[Gluster-devel] Suggestions

Wed Jun 8 14:02:27 UTC 2011

On Wed, 2011-06-08 at 12:34 +0100, Gordan Bobic wrote:
> Hans K. Rosbach wrote:
> 
> > -SCTP support, this might not be a silver bullet but it feels
> [...]
> 
> >  Features that might need glusterfs code changes:
> [...]
> >   -Multihoming (failover when one nic dies)
> 
> How is this different to what can be achieved (probably much more 
> cleanly) with NIC bonding?

NIC bonding is nice for a small network, but routed networks might
have advantages from this. This is not something I feel that I need,
but I am sure it would be an advantage for some other users. This could
possibly be of help in geo-replication setups for example.

> [...]
> > -Ability to have the storage nodes autosync themselves.
> >  In our setup the normal nodes have 2x1Gbit connections while the
> >  storage boxes have 2x10Gbit connections, so having the storage
> >  boxes use their own bandwidth and resources to sync would be nice.
> 
> Sounds like you want server-side rather than client-side replication. 
> You could do this by using afr/replicate on the servers, and export via 
> NFS to the clients. Have failover handled as for any normal NFS server.
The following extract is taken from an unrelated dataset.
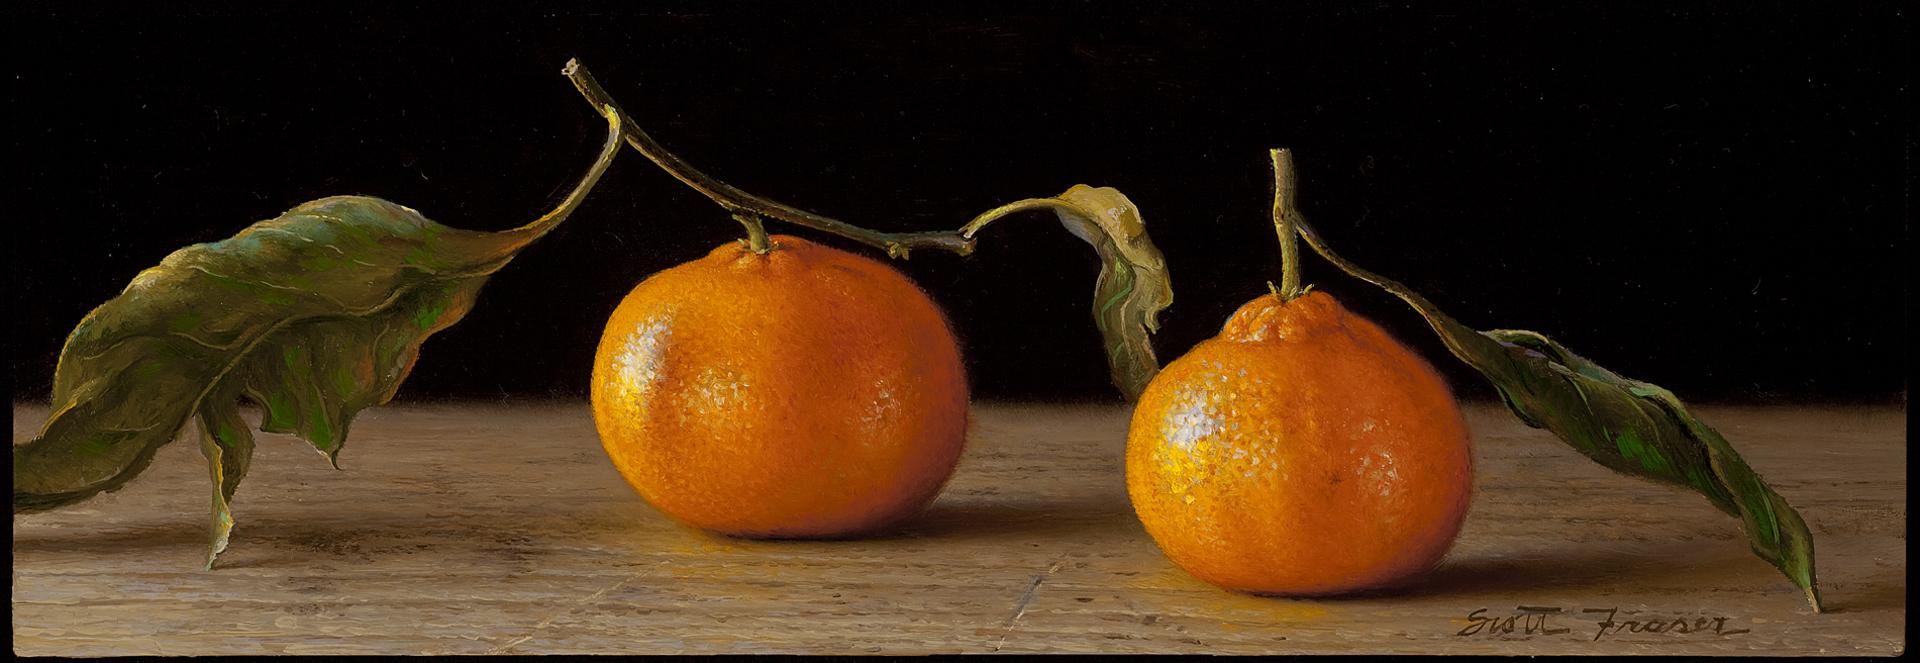 Two Satsumas by Scott Fraser

We have considered this, and might decide to go down this route
eventually, however it seems strange that this can not also be done
using the native client.

The fact that each client writes to both servers is fine, but the
fact that the clients needs to do the re-sync work whenever the
storage nodes are out of sync (one of them rebooted for example)
seems strange and feels very unreliable especially since this is
a manual operation.

> > -An ability for the clients to subscribe to metadata updates for
> >  a specific directory would also be nice, so that it can cache that
> >  folders stats while working there and still know that it will not
> >  miss any changes. This would perhaps increase overhead in large
> >  clusters but could improve performance by a lot in clusters where
> >  several nodes work in the same folder (mail spool folder for example).
> 
> You have a shared mail spool on your nodes? How do you avoid race 
> conditions on deferred mail?

Several nodes can deliver mails to the spool folder, and dedicated queue
runners will pick them up and deliver them to local and/or remote hosts.
I am not certain what race conditions you are referring to, but locking
should make sure no more than one queue runner touches the file at one
time. Am I missing something?

-HK